Bestimmung der Virusinfektiosität in HeLa-Zellen, die ACE2 exprimierten oder nicht exprimierten (untransfiziert). Die Expression des ACE2-Plasmids mit S-Tag wurde mit dem monoklonalen Antikörper gegen den S-Tag der Maus nachgewiesen. hACE2, menschliches ACE2; bACE2, ACE2 von Rhinolophus sinicus (Fledermaus); cACE2, Zibet-ACE2; sACE2, Schweine-ACE2 (Schwein); mACE2, Maus-ACE2. Grün, ACE2; rot, virales Protein (N); blau, DAPI (Zellkerne). Skalenbalken, 10 μm.

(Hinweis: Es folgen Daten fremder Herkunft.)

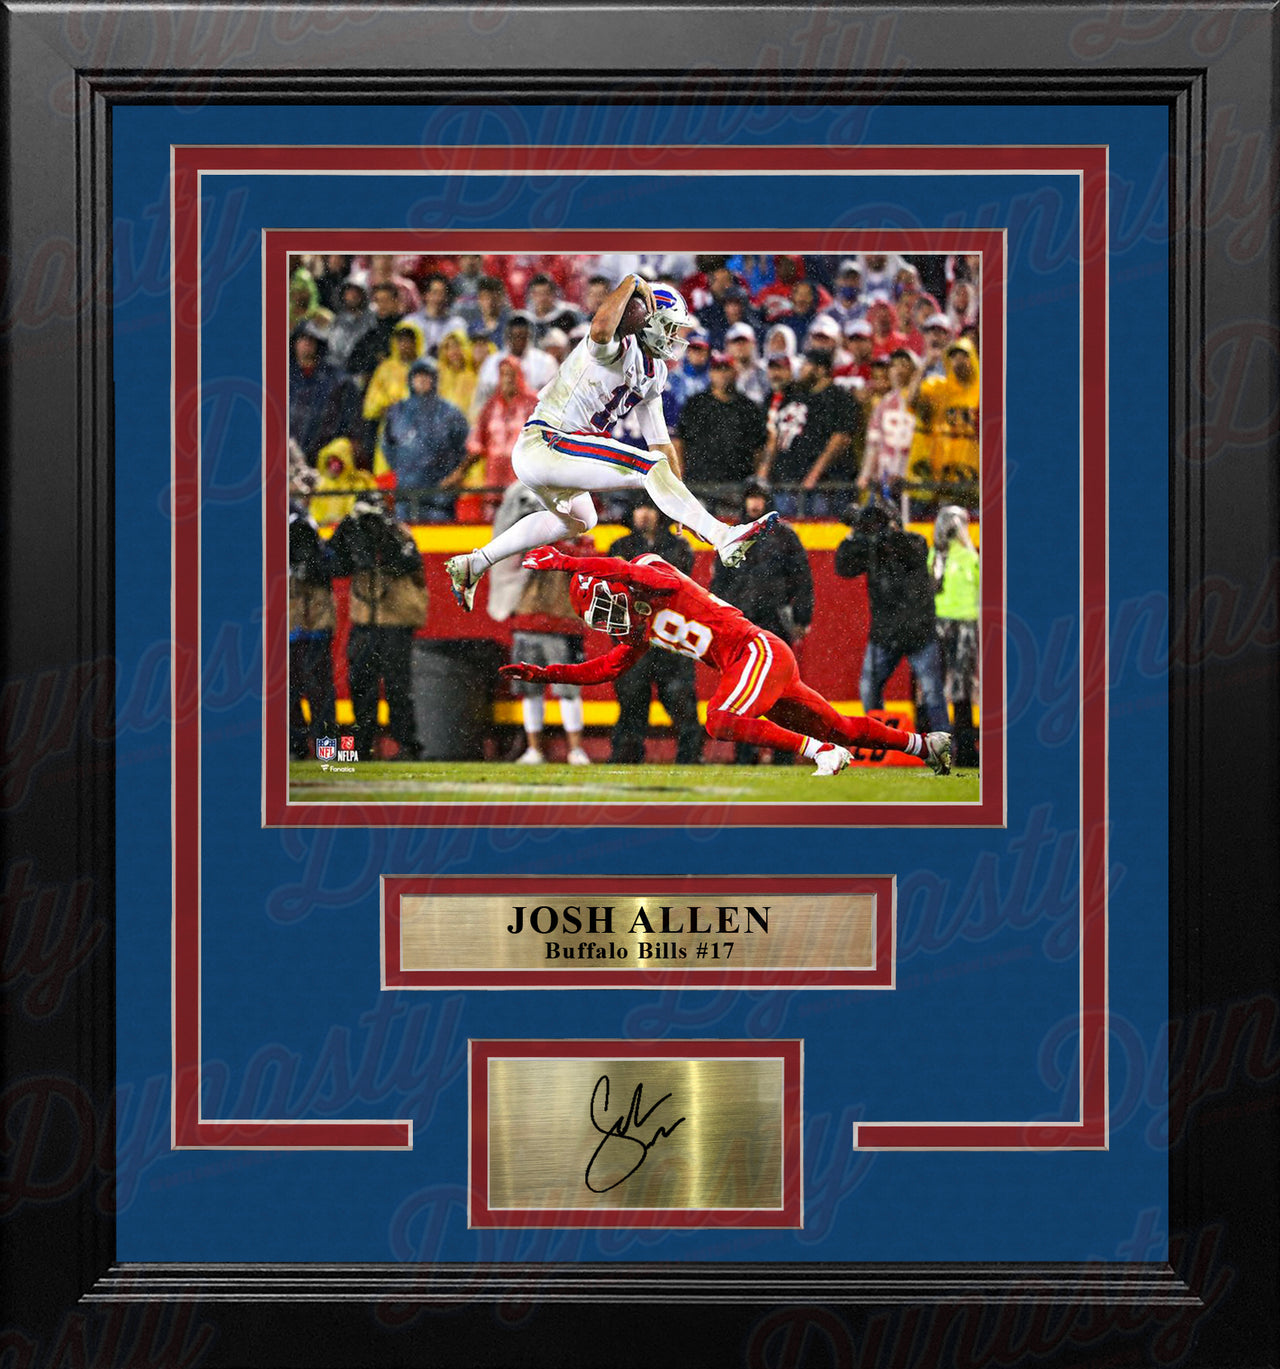 Josh Allen Defender Hurdle Buffalo Bills 8" x 10" Framed Football Photo with Engraved Autograph - Dynasty Sports & Framing

Die Studie liefert einen detaillierten Bericht über 2019-nCoV, den wahrscheinlich ätiologischen Erreger, der für die aktuelle Epidemie des akuten respiratorischen Syndroms in China und anderen Ländern verantwortlich ist. Bei allen getesteten Patienten wurde eine virusspezifische Nukleotid-positive und virale Protein-Serokonversion beobachtet, was einen Zusammenhang zwischen der Krankheit und dem Vorhandensein dieses Virus belegt. Es gibt jedoch noch viele dringende Fragen, die beantwortet werden müssen. Der Zusammenhang zwischen 2019-nCoV und der Krankheit wurde nicht durch Tierversuche verifiziert, um die Koch’schen Postulate zu erfüllen und einen ursächlichen Zusammenhang zwischen einem Mikroorganismus und einer Krankheit herzustellen. Die Übertragungsroutine dieses Virus zwischen den Wirten ist noch nicht bekannt. Es scheint, dass das Virus zunehmend von Mensch zu Mensch übertragbar ist. Wir sollten genau beobachten, ob sich das Virus weiter entwickelt und virulenter wird. Da es an spezifischen Behandlungsmöglichkeiten mangelt und 2019-nCoV mit SARS-CoV verwandt ist, könnten einige Medikamente und präklinische Impfstoffe gegen SARS-CoV wahrscheinlich zur Behandlung dieses Virus eingesetzt werden. In Anbetracht der weiten Verbreitung von SARSr-CoV in ihren natürlichen Reservoiren sollte sich die künftige Forschung auf die aktive Überwachung dieser Viren in größeren geografischen Regionen konzentrieren. Langfristig sollten antivirale Breitbandmedikamente und Impfstoffe für neu auftretende Infektionskrankheiten entwickelt werden, die in Zukunft durch diese Virusgruppe verursacht werden. Vor allem aber sollten strenge Vorschriften gegen die Domestizierung und den Verzehr von Wildtieren eingeführt werden.
Anmerkung im Korrekturabzug hinzugefügt: Seit der Annahme dieses Artikels hat das ICTV das Virus als SARS-CoV-215 bezeichnet; außerdem hat die WHO den offiziellen Namen der durch dieses Virus verursachten Krankheit veröffentlicht, nämlich COVID-1916.